0
0
dbtdata~3 mins

Why sources define raw data contracts in dbt - The Real Reasons

Choose your learning style9 modes available
The Big Idea

What if you could stop chasing data errors and start trusting your data every day?

The Scenario

Imagine you receive data files from different teams every day. Each file has different formats, missing columns, or unexpected changes. You try to process them manually by checking each file before using it.

The Problem

This manual checking is slow and tiring. You often miss changes or errors, causing your reports to be wrong.
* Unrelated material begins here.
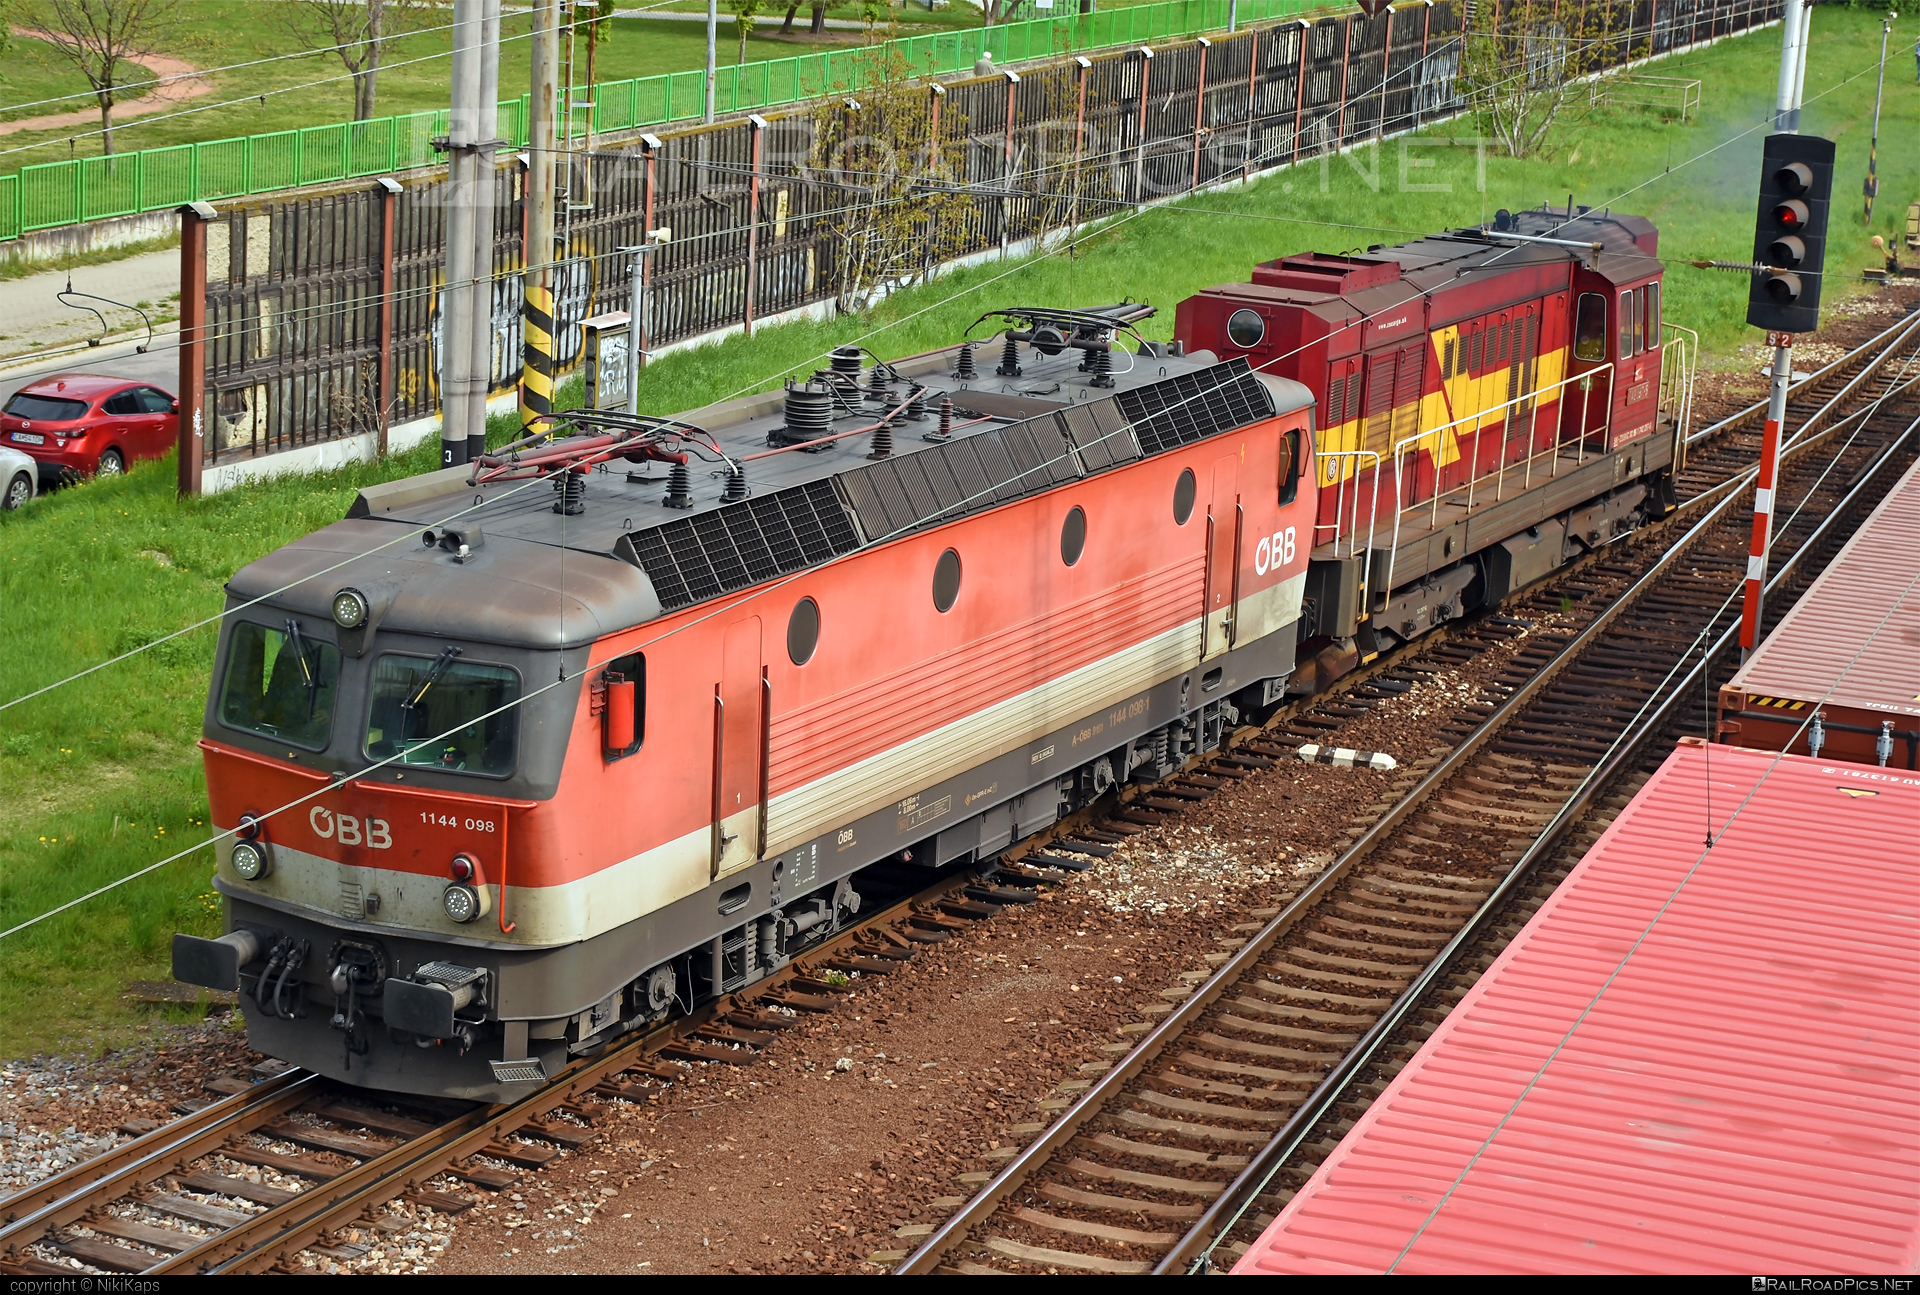 SGP 1144 - 1144 098 operated by Rail Cargo Austria AG #obb #obb1144 #obbClass1144 #osterreichischebundesbahnen #rcw #sgp #sgp1144 #simmeringgrazpauker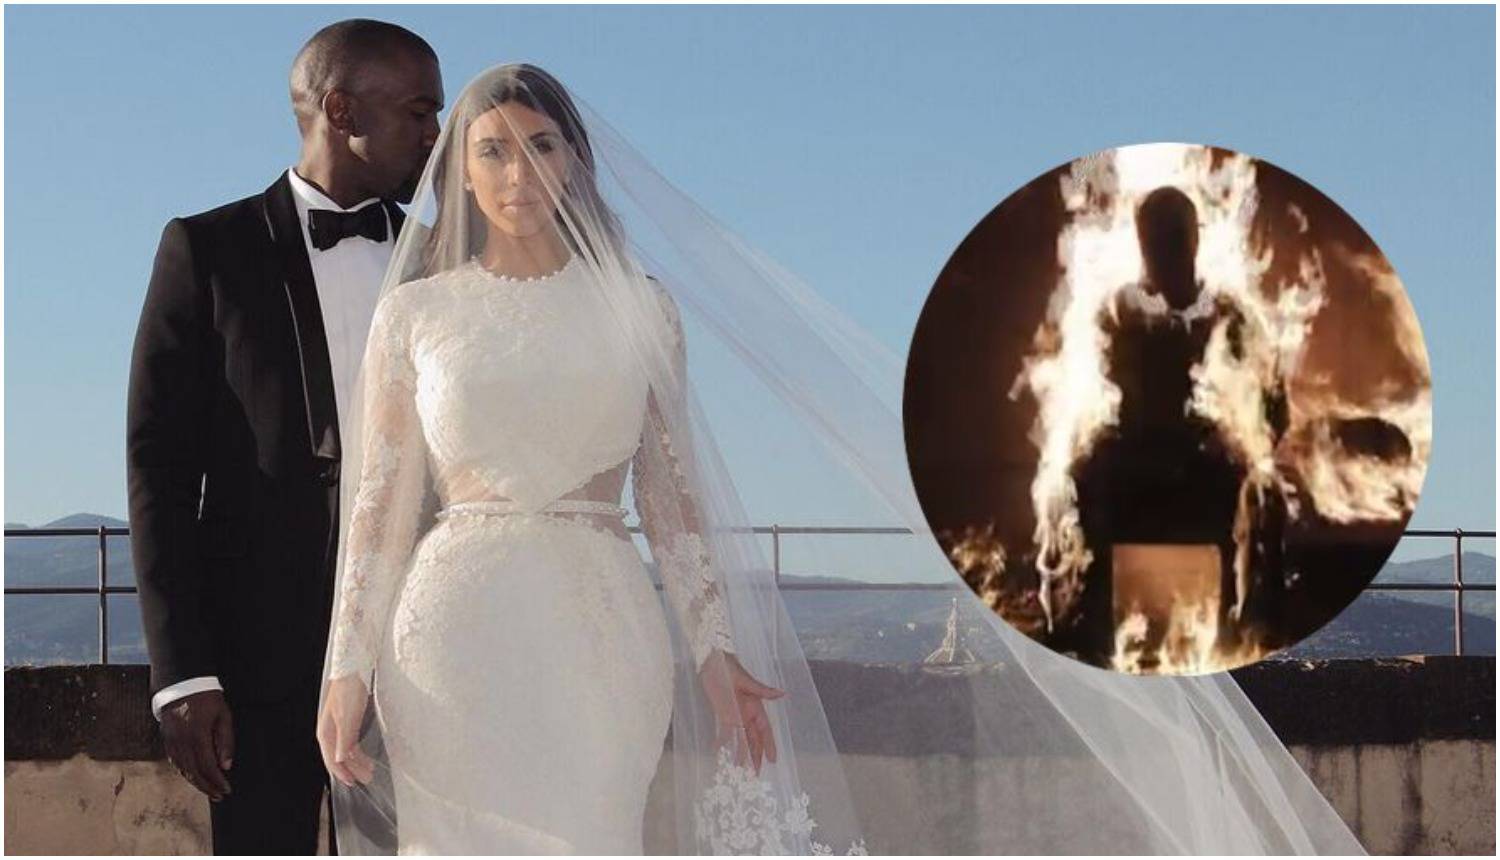 Kanye šokirao sve i zapalio se na pozornici, a nakon 'gašenja' pojavila se Kim u vjenčanici...

Fixing these mistakes later wastes time and causes frustration.

The Solution

Defining raw data contracts means setting clear rules about what the data should look like before you use it. This helps catch problems early and keeps your data clean and reliable automatically.

Before vs After
Before
if 'date' in data.columns and data['date'].notnull().all():
    process(data)
After
sources('raw_data').expect_columns(['date', 'id', 'value']).expect_not_null('date')
What It Enables

It lets you trust your data pipeline and focus on analysis, not fixing data problems.

Real Life Example

A marketing team defines a contract for customer data to ensure every record has an ID and signup date. This prevents errors in campaign reports caused by missing or wrong data.

Key Takeaways

Manual data checks are slow and error-prone.

Raw data contracts set clear expectations for incoming data.

They help catch issues early and keep data reliable.